Figure 11. Fastest growing mode electrostatic potential structure along the field line in the fluid-like ($a/L_\textrm {Ti}=2.0$) case (in red) and in the Floquet-type ($a/L_\textrm {Ti}=0.9$) case (in blue).

Figure 12. Comparison between electrostatic potential structures along the field line obtained with simulated flux tubes of different lengths for the case $a/L_\textrm {Ti}=0.9$.

5. Nonlinear results

We now move on to characterise differences between Floquet-type and fluid-like turbulence through nonlinear simulations using the same two values of the ion temperature gradient as in the previous section, $a/L_\textrm {Ti}=0.9$ and $a/L_\textrm {Ti}=2.0$. The input parameters are listed in table 1. Those for the simulation in the fluid-like regime ($a/L_\textrm {Ti}=2.0$) are chosen based on previous results (García-Regaña et al. Reference García-Regaña, Barnes, Calvo, Parra, Alcusón, Davies, González-Jerez, Mollén, Sánchez and Velasco2021), whereas closer to marginality ($a/L_\textrm {Ti}=0.9$), the parameters are adjusted in accordance with the linear results mentioned previously. Given the set of parameters displayed in the table, we are able to simulate the following wave numbers: in the fluid-like regime $k_{x,\textrm {max}}\rho _\textrm {i}\equiv \hat {k}_{x,\textrm {max}}\approx 1.19$ and $\hat {k}_{y,\textrm {max}}= 2.5$, with a respective step of $\Delta \hat {k}_x\approx 0.04$ and $\Delta \hat {k}_y= 0.05$, whereas closer to marginality $\hat {k}_{x,\textrm {max}}\approx 2.06$ and $\hat {k}_{y,\textrm {max}}= 2.95$, with steps of $\Delta \hat {k}_x\approx 0.07$ and $\Delta \hat {k}_y= 0.05$.
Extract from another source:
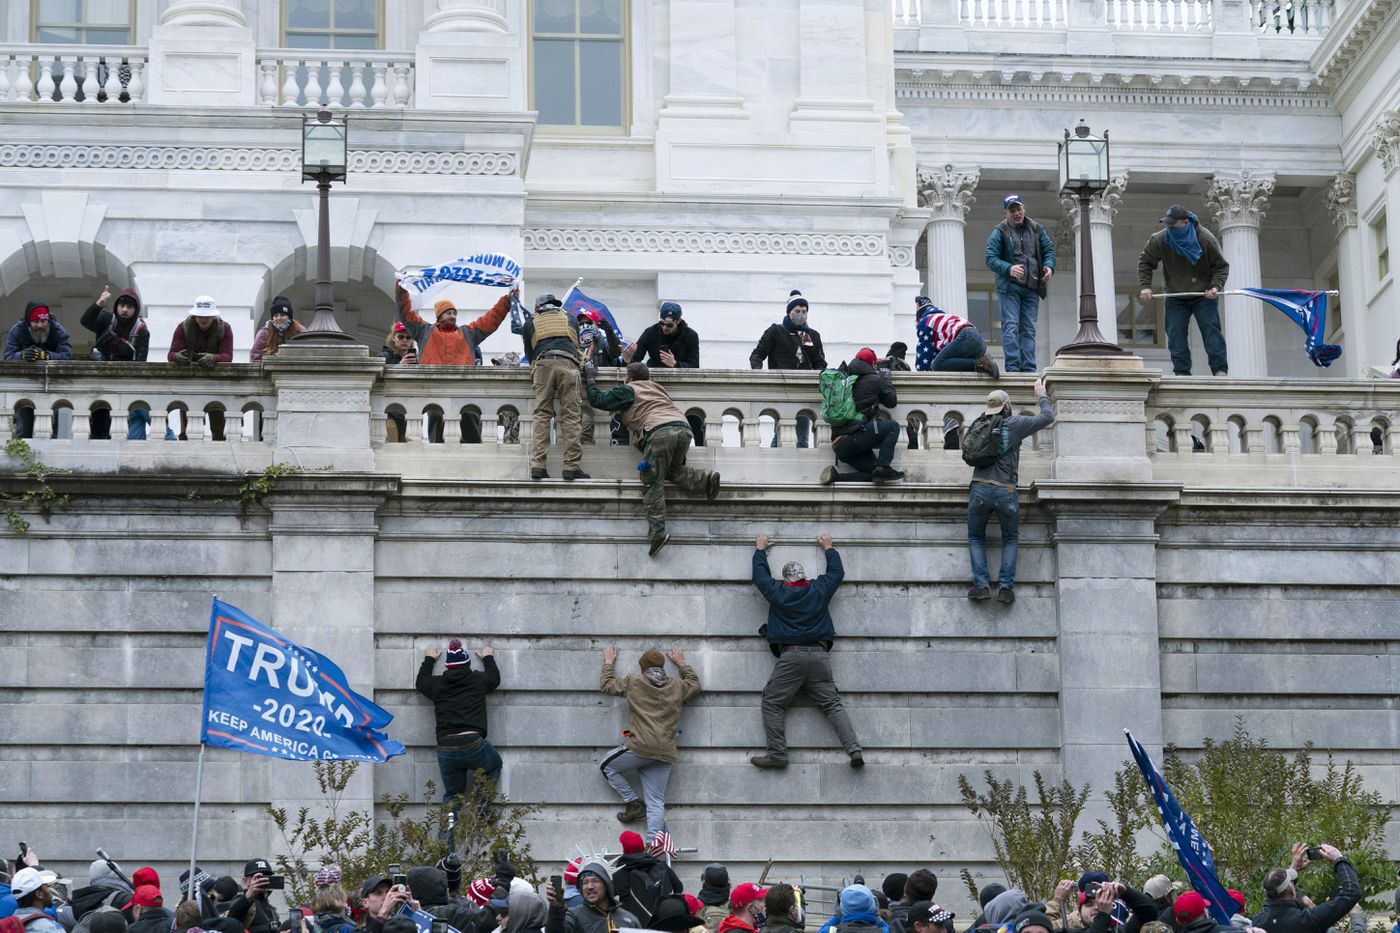 Supporters of President Donald Trump climb the west wall of the U.S. Capitol after overwhelming police during a riot on Wednesday, Jan. 6, 2021, in Washington, D.C.

Table 1. Set of input parameters for the nonlinear simulations in the fluid-like limit ($a/L_\textrm {Ti}=2.0$) and closer to marginality ($a/L_\textrm {Ti}=0.9$).

We choose $N_\textrm {fp}=10$, i.e. two toroidal turns around the device, for the simulation close to marginality. This is different from what did linearly and the reason is computational. A longer flux tube needs a larger number, $N_z$, of points in the $z$ direction, which makes the simulation computationally more expensive. We run convergence tests to ensure that two toroidal turns are enough to resolve the parallel structure of the Floquet modes and enough to obtain the energy injection needed by the instability. We first consider the most unstable wave number at $a/L_\textrm {Ti}=0.9$ and plot the value of the normalised growth rate as a function of the number of simulated field periods in figure 13(a). We see that with at least three toroidal turns we obtain a good convergence, with only a variation of the growth rate of 5 % when an additional toroidal turn is simulated. We also note that $N_z=128$ is sufficient to resolve the parallel structure of the electrostatic potential. For $N_\textrm {fp}<15$, the value of the growth rate decreases by roughly 30 % for each toroidal turn that is removed from the simulation. When studying higher values of $k_y\rho _\textrm {i}$, as in figure 13(b), we note that a larger value of $N_z$ is required to obtain convergence for $N_\textrm {fp}=15$. For computational reasons, however, we settle on two toroidal turns, i.e. $N_\textrm {fp}=10$, with $N_z=128$, so as to obtain a less computationally expensive simulation but yet enough resolution for a sensible result. In fact, even if the wave numbers around $k_y\rho _\textrm {i}\approx 1$ are not the most unstable ones close to marginality, they still play a role and need to be properly resolved too. In the two plots, the importance of having enough parallel velocity space resolution is also evident.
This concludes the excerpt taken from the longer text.